Wu, Dai et al. conclude that proteins are able to achieve a higher level of fitness through evolution by exploring a large number of changes. There are many possible changes for each protein and it is this variety that, despite epistasis, allows proteins to become naturally optimised for the tasks that they perform. While the full complexity of protein evolution cannot be explored at the moment, as technology advances it will become possible to study more protein variants. Such advances would therefore hopefully allow researchers to discover even more about the natural mechanisms of protein evolution.

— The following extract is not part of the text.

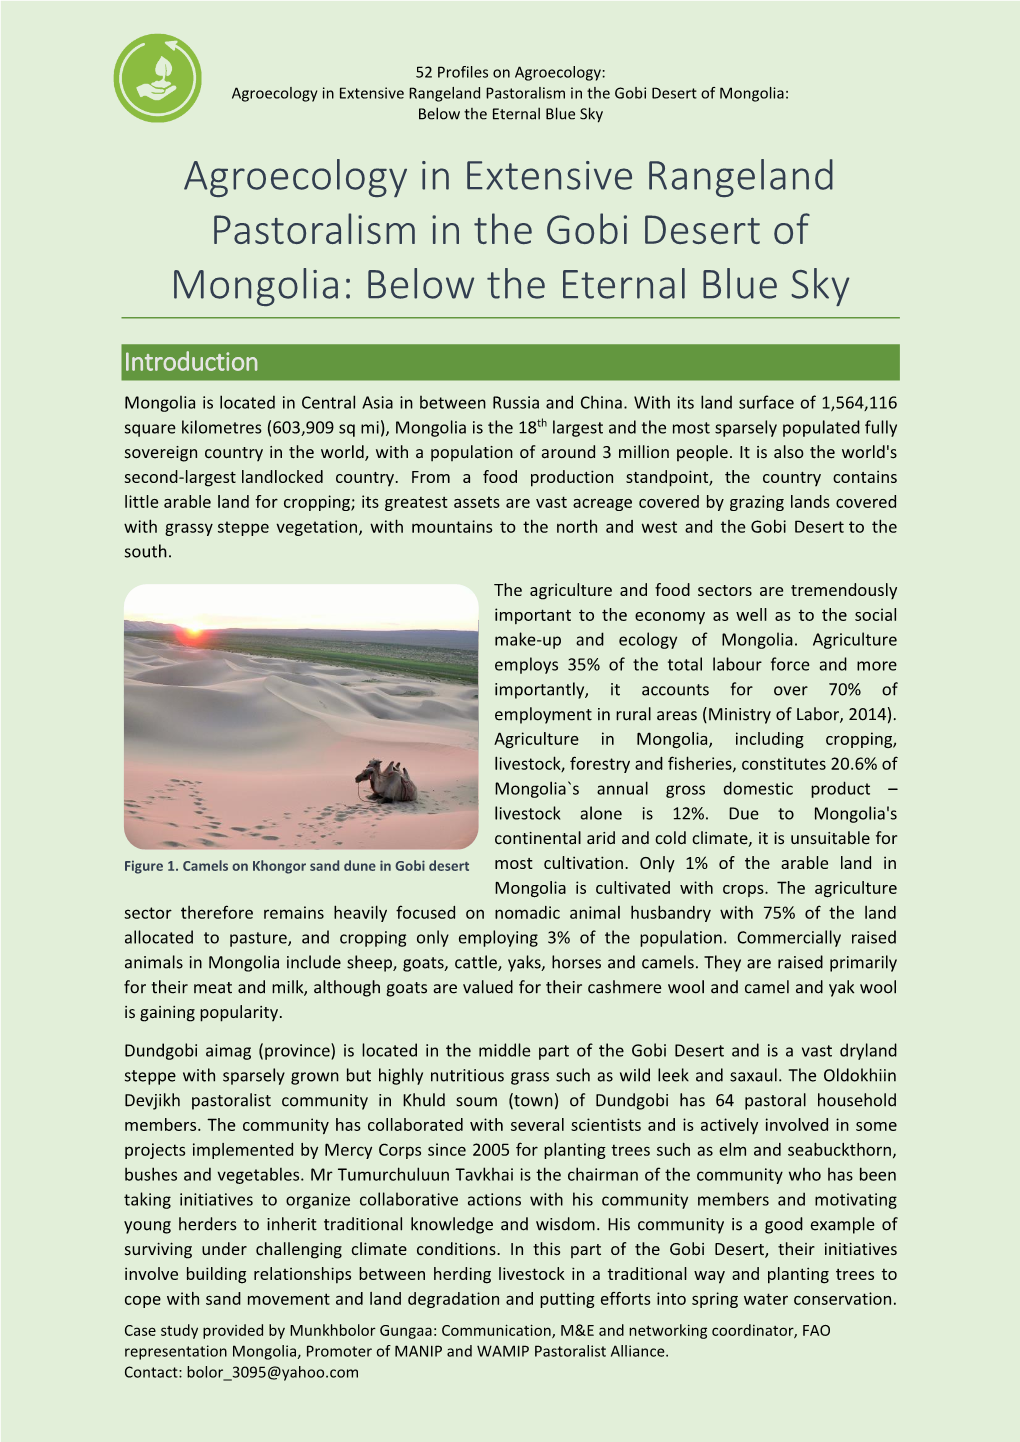 Agroecology in Extensive Rangeland Pastoralism in the Gobi Desert of Mongolia: Below the Eternal Blue Sky
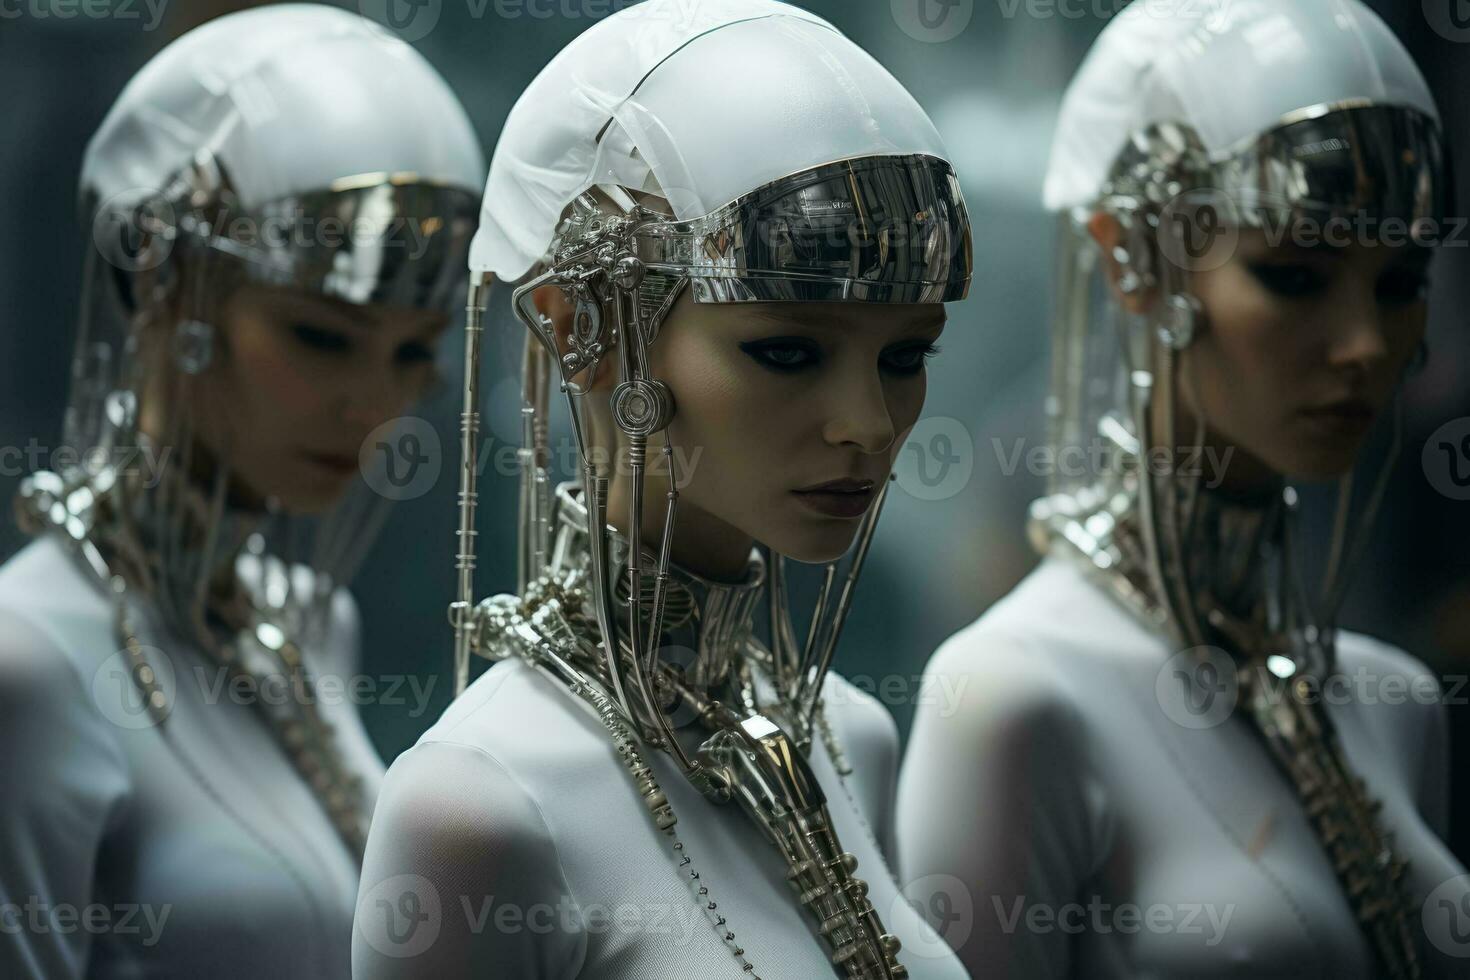 Cybernetic women dressed in minimalist metallic attire oozing avant-garde futurism in a monochromatic setting photo

DOI: http://dx.doi.org/10.7554/eLife.16965.002

Introduction

The fitness landscape is a fundamental concept in evolutionary biology (Kauffman and Levin, 1987; Poelwijk et al., 2007; Romero and Arnold, 2009; Hartl, 2014; Kondrashov and Kondrashov, 2015; de Visser and Krug, 2014). Large-scale datasets combined with quantitative analysis have successfully unraveled important features of empirical fitness landscapes (Kouyos et al., 2012; Barton et al., 2015; Szendro et al., 2013). Nevertheless, there is a huge gap between the limited throughput of fitness measurements (usually on the order of 102 variants) and the vast size of sequence space. Recently, the bottleneck in experimental throughput has been improved substantially by coupling saturation mutagenesis with deep sequencing (Fowler et al., 2010; Hietpas et al., 2011; Jacquier et al., 2013; Wu et al., 2014; Thyagarajan and Bloom, 2014; Qi et al., 2014; Stiffler et al., 2015), which opens up unprecedented opportunities to understand the structure of high-dimensional fitness landscapes (Jiménez et al., 2013; Pitt and Ferré-D'Amaré, 2010; Payne and Wagner, 2014).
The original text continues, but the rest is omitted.